El silencio es casi absoluto ya en la capital de los sitios de la fortuna de la ciudad. Solo es interrumpido por el paso de turistas que buscan algún sitio en donde alargar la noche. Simón se queja de la falta de iglesias abiertas por la noche. «La calle por la noche es muy distinta a por el día. Es la selva, y nos vendría bien que hubiese más parroquias. Solo hay una abierta», explica. Los sitios de fortuna, asegura, se ganan «o con mano izquierda o a hostias, y suele ser con el primer método».

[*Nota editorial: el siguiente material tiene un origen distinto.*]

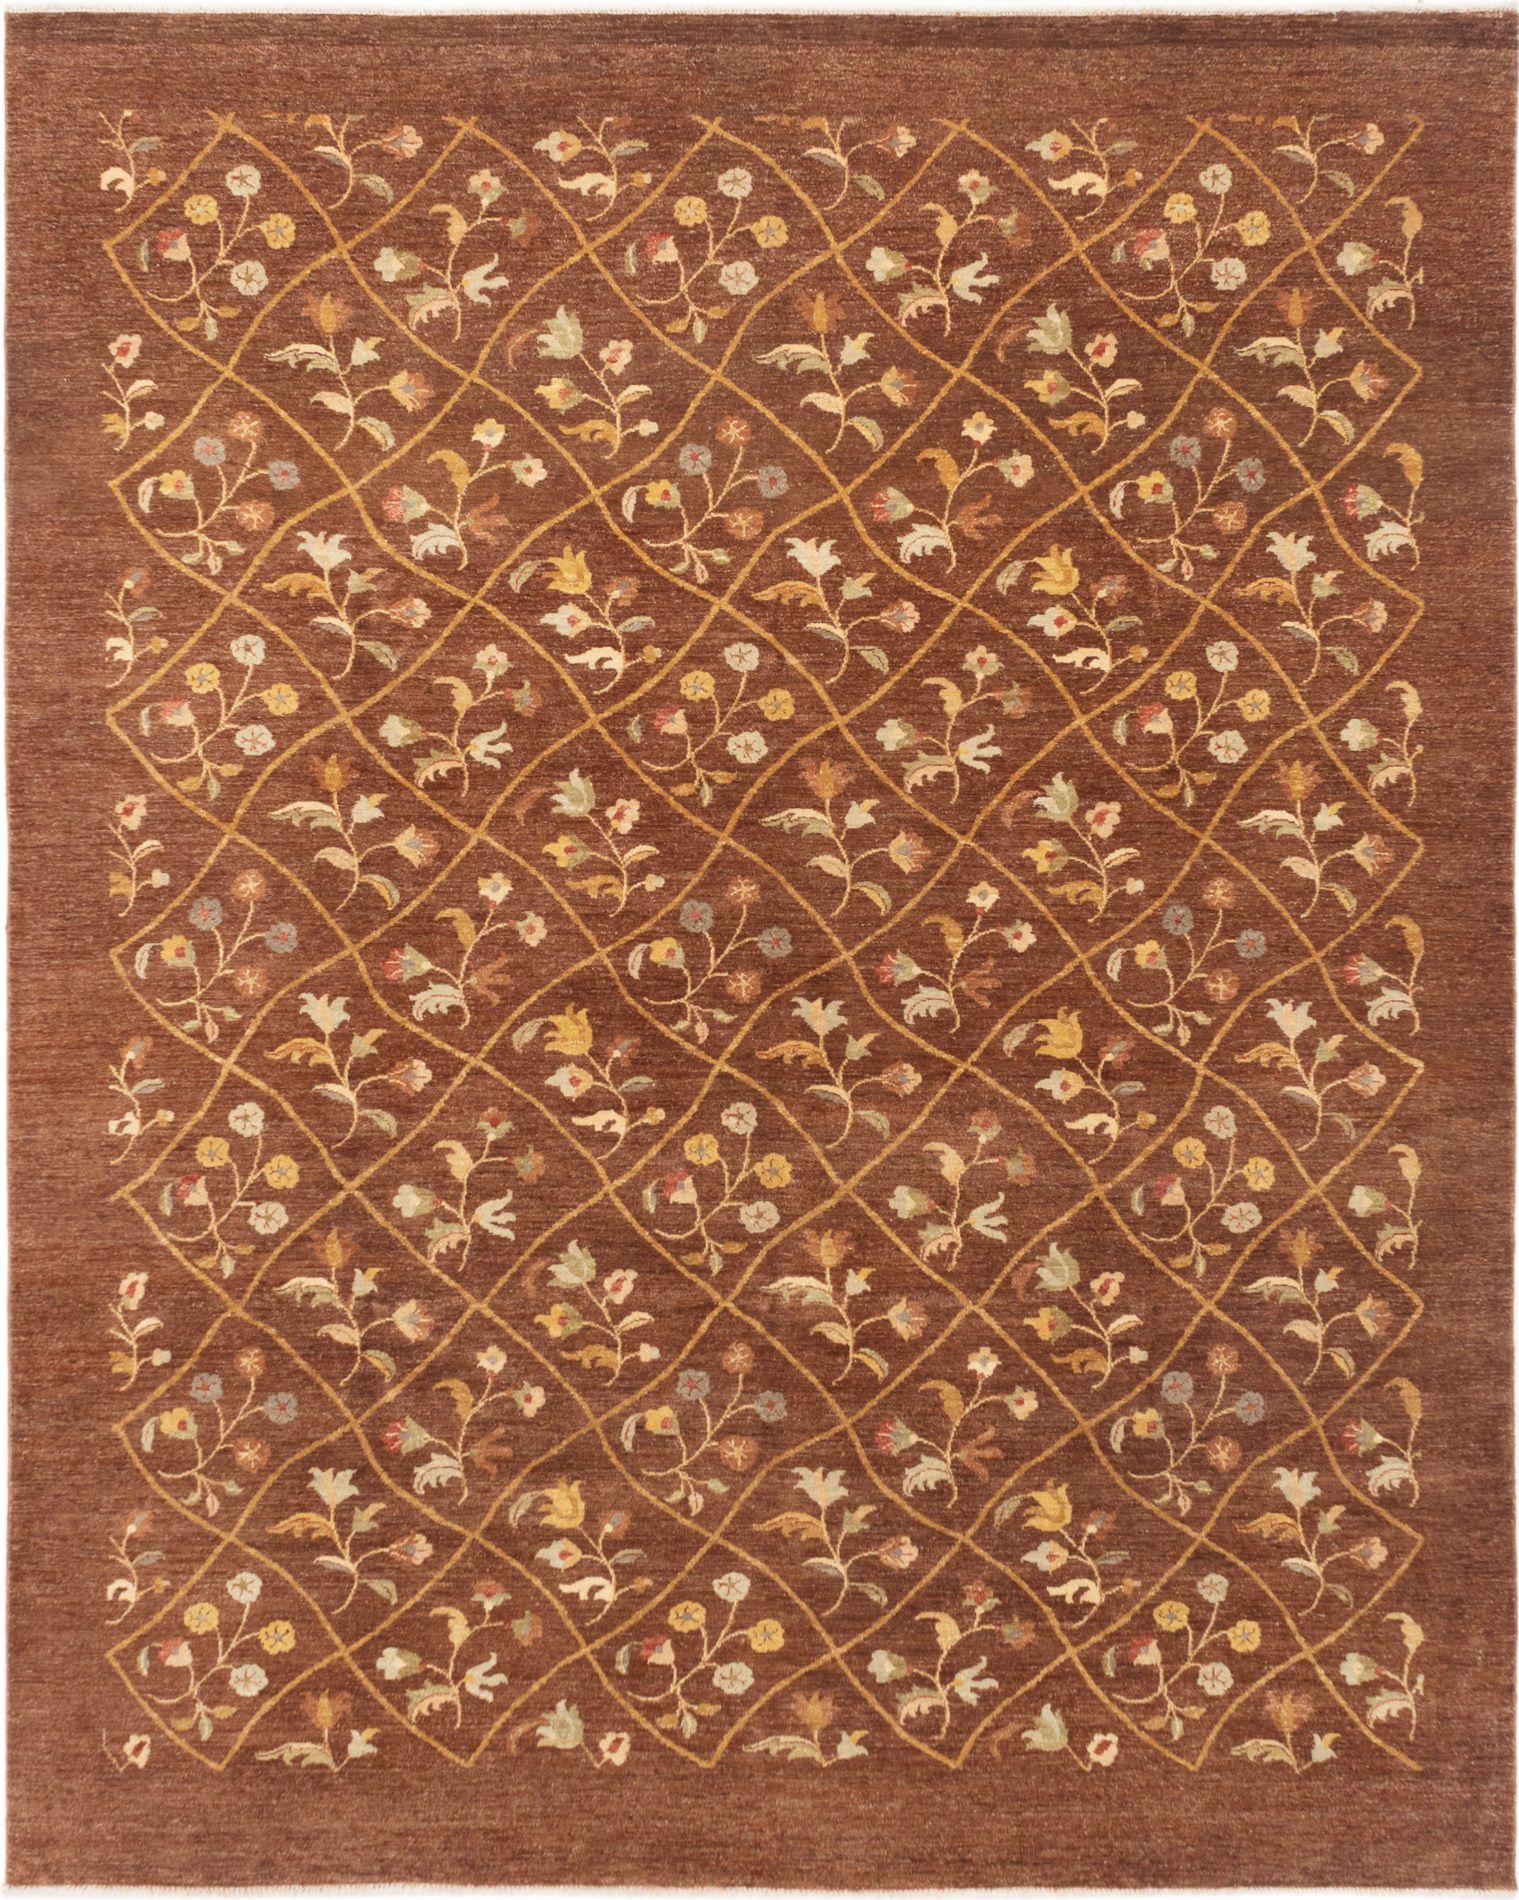 Hand-knotted Chobi Twisted Dark Brown Wool Rug 8'0" x 10'0"  Size: 8'0" x 10'0"

«Se necesita una revolución»

La pobreza no tiene solución, asegura el protagonista del reportaje. Él no lo dice, pero lo deja caer. La limosna es pan para hoy y hambre para mañana, viene a decir. Las enfermedades mentales, las adicciones y la tendencia al abandono de quién ya está en la calle son impedimentos para evitar la inclusión de un gran número de mendigos. «En la historia siempre ha habido pobres. Al sintecho, le des lo que le des, va a ser pobre toda la vida. Suben los alquileres, la luz… esto es de locos», reflexiona sobre el círculo vicioso en el que viven los sin techo. Es lo que se llama la trampa de la pobreza. Se demoniza al pobre, se le atribuye que vive de la sopa boba, de ser un cazapaguitas, pero para la mayoría vivir en la calle es crónico. La gente que te ve en la calle no te va contratar jamás. Tu familia no te visita. Tus amigos no quieren verte. A esto es a lo que se refiere con que la calle te mata de muchas maneras.

«Se necesita una revolución moral. Todo es educación. Pobres ha habido siempre y siempre los habrá, pero es el momento de avanzar. Si hay un momento, es ahora. Siempre hay gente que se autoexcluye, pero es poca. La nuestra es la generación (boomers) de más cambios, más estresada, a la que más nos han decepcionado. Estamos curtidos. Lo que es deshonroso es mentir cuando resulta que el pecado más grande es fracasar», asegura Simón, que vuelve a su discurso inicial: «Nos utilizan para lo que quieren. Somos un negocio. Hay muchas ONG que viven de esto», apostilla. Lo que pide, en realidad, es una revolución social. Un cambio radical en una sociedad sin intermediarios, sin burócratas. Pero no define qué sistema sería ese.

La filósofa y escritora valenciana Adela Cortina remarca el asunto de la pobreza en términos de «falta de libertad», en el sentido de «aquel que no tiene posibilidad de llevar adelante sus planes de vida». La palabra “sinhogarismo” también debería formar parte del Diccionario de la RAE, porque es un doloroso problema que es preciso visibilizar y resolver. Las personas sin hogar están totalmente indefensas, carecen de intimidad, son sumamente vulnerables. Apoyar la campaña ‘¡Hogar, sí!’ de la organización solidaria RAIS, para conseguir que nadie carezca de hogar, es un fecundo camino», asegura. Quizá Simón se refiera a esa revolución. Tan simple y tan complejo al mismo tiempo.